### REQUIREMENT
Give back the full listing exactly, setting the pictures aside.

DATA EXCERPT: Begin

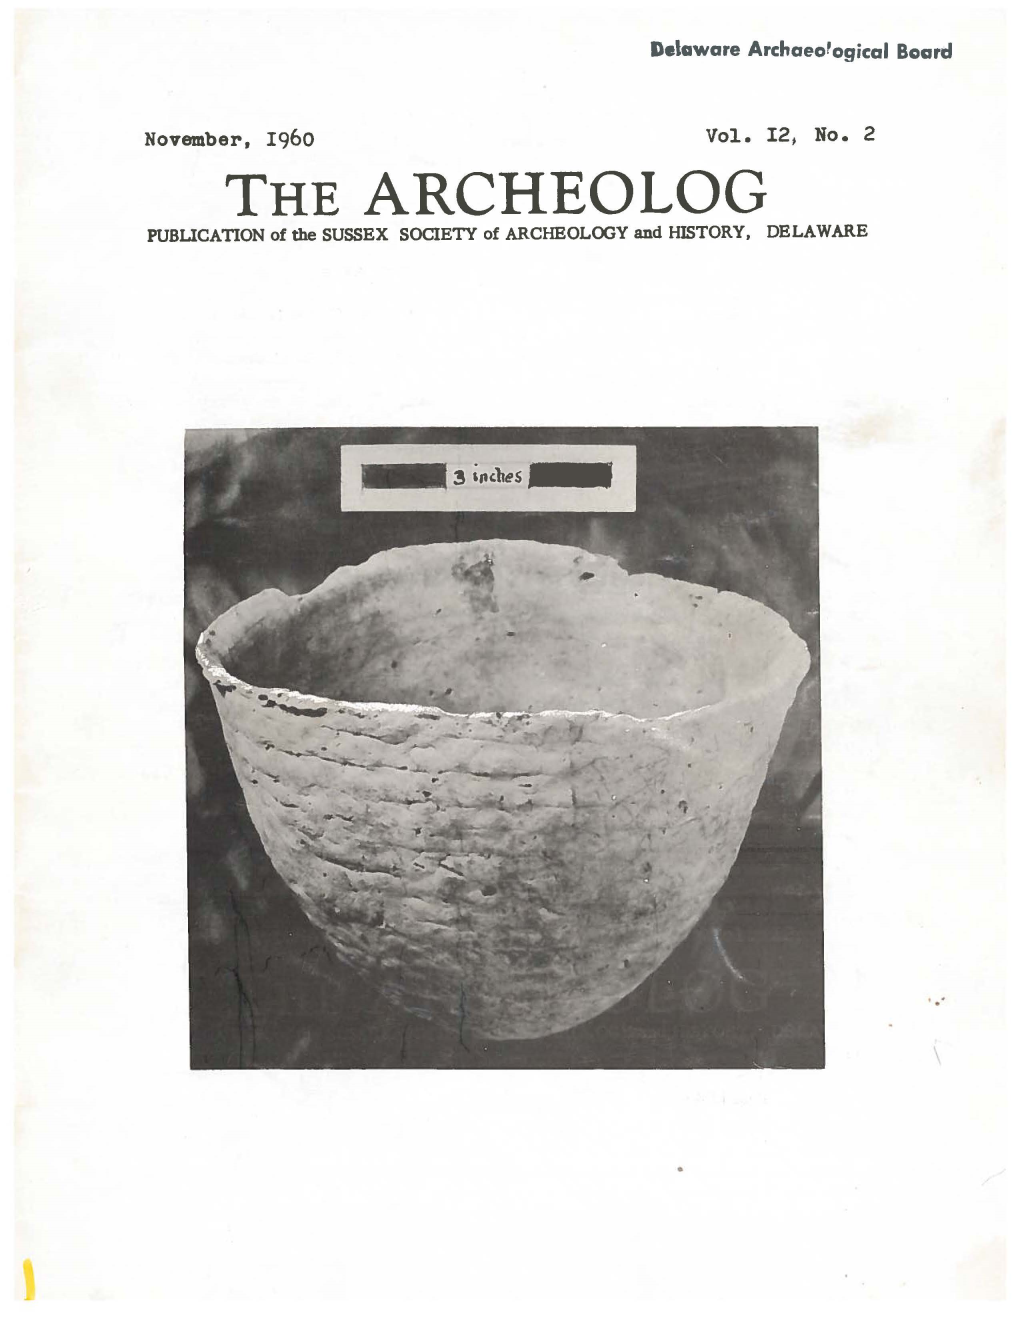 THE ARCHEOLOG PUBLICATION of the SUSSEX SOCIETY of ARCHEOLOGY and HISTORY, DELAWARE
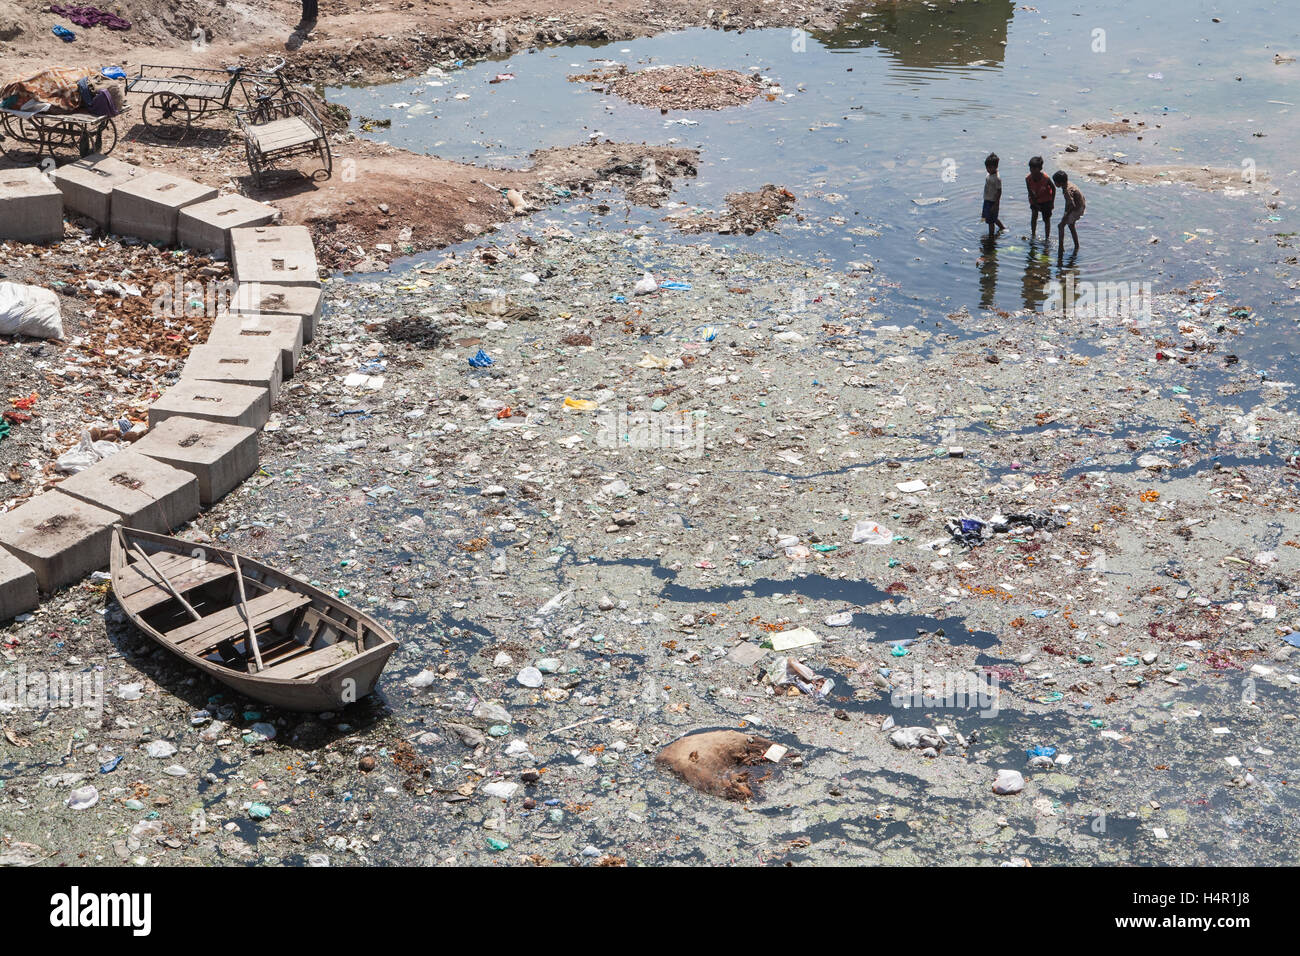 Children playing in filthy and polluted River Sabarmati in the centre center of Ahmedabad,Gujurat state,India,Asia. Stock Photo
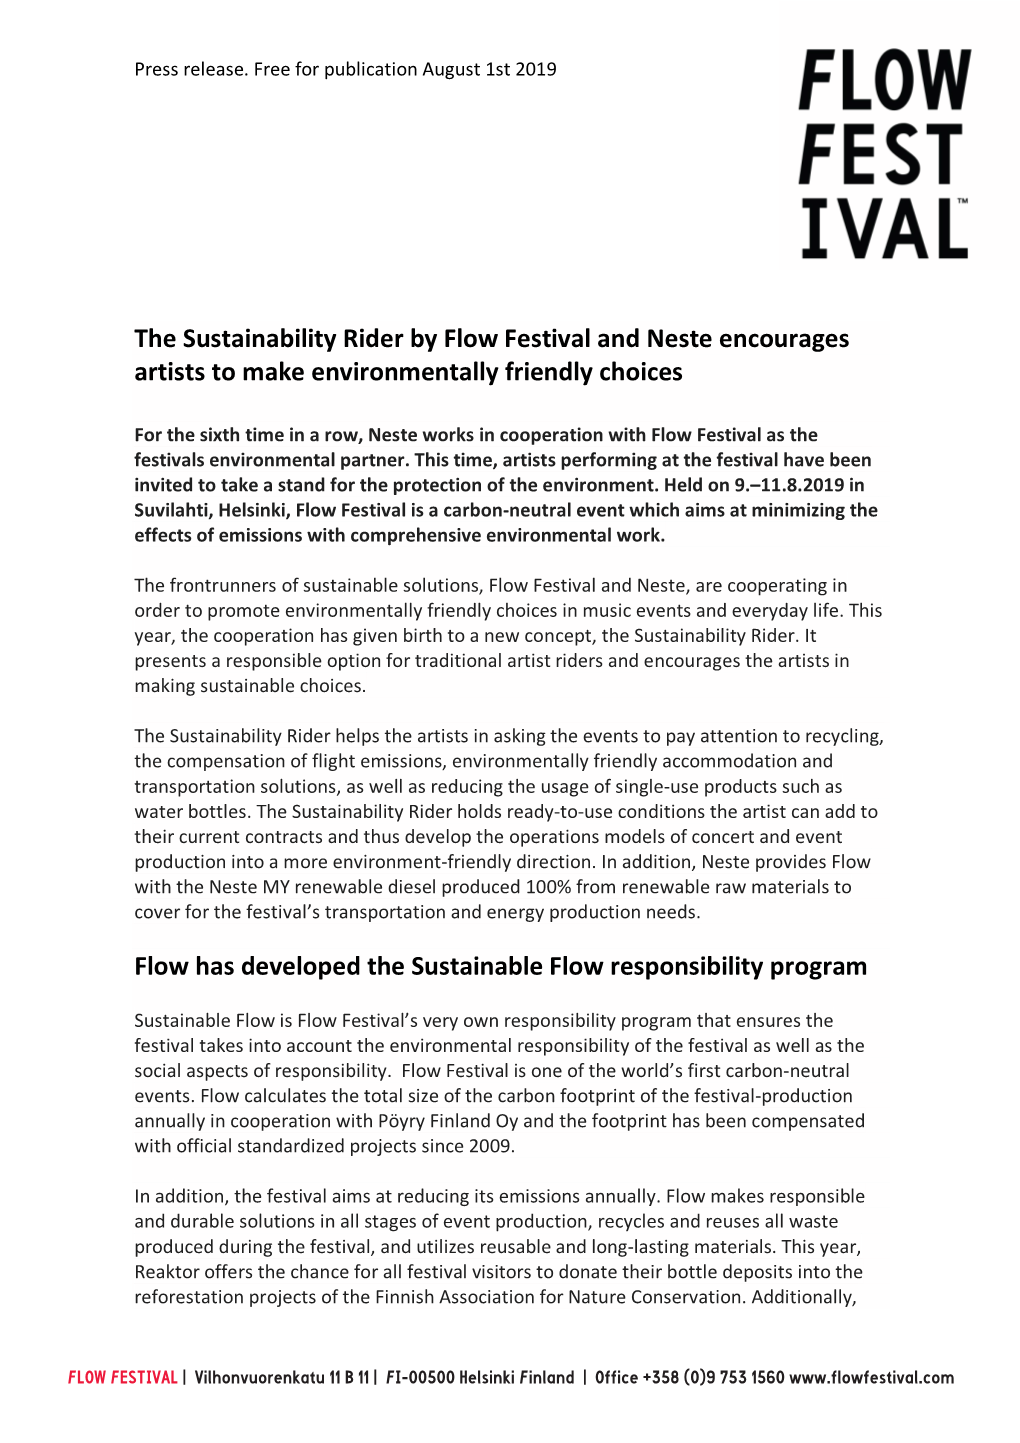 The Sustainability Rider by Flow Festival and Neste Encourages Artists to Make Environmentally Friendly Choices
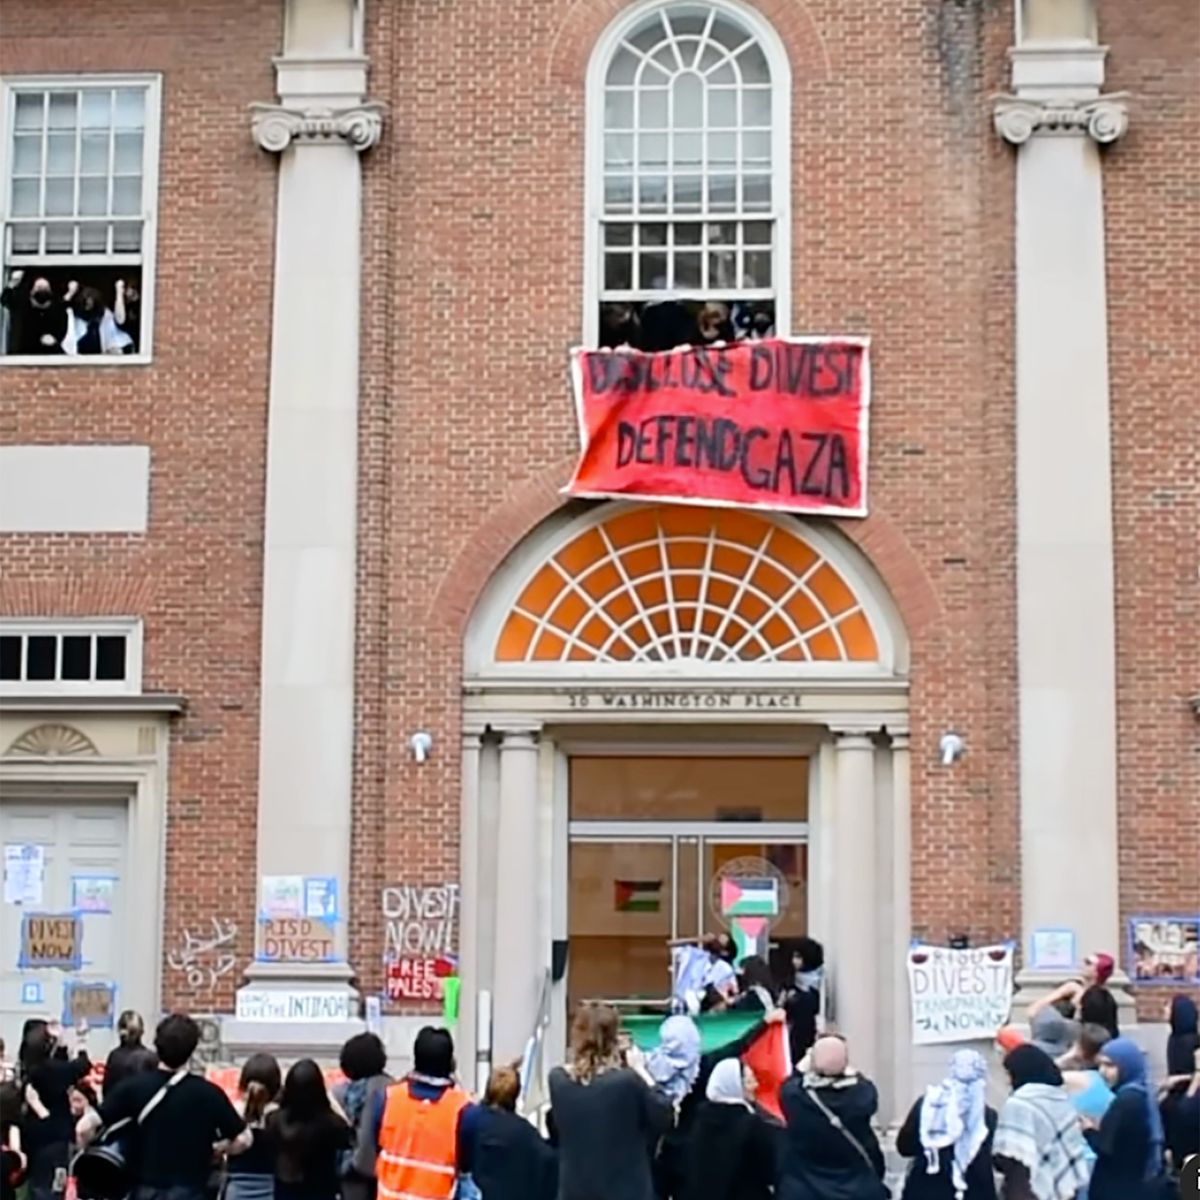 Memebers of RISD Students for Justice in Palestine and their supporters rally outside 20 Washington Place, a Rhode Island School of Design building currently occupied by protesters RISD Students for Justice in Palestine, via Instagram

DATA EXCERPT: End

### OUTPUT FOR THIS TASK
 THE ARCHEOLOG PUBLICATION of the SUSSEX SOCIETY of ARCHEOLOGY and HISTORY, DELAWARE
 Children playing in filthy and polluted River Sabarmati in the centre center of Ahmedabad,Gujurat state,India,Asia. Stock Photo
 The Sustainability Rider by Flow Festival and Neste Encourages Artists to Make Environmentally Friendly Choices
 Memebers of RISD Students for Justice in Palestine and their supporters rally outside 20 Washington Place, a Rhode Island School of Design building currently occupied by protesters RISD Students for Justice in Palestine, via Instagram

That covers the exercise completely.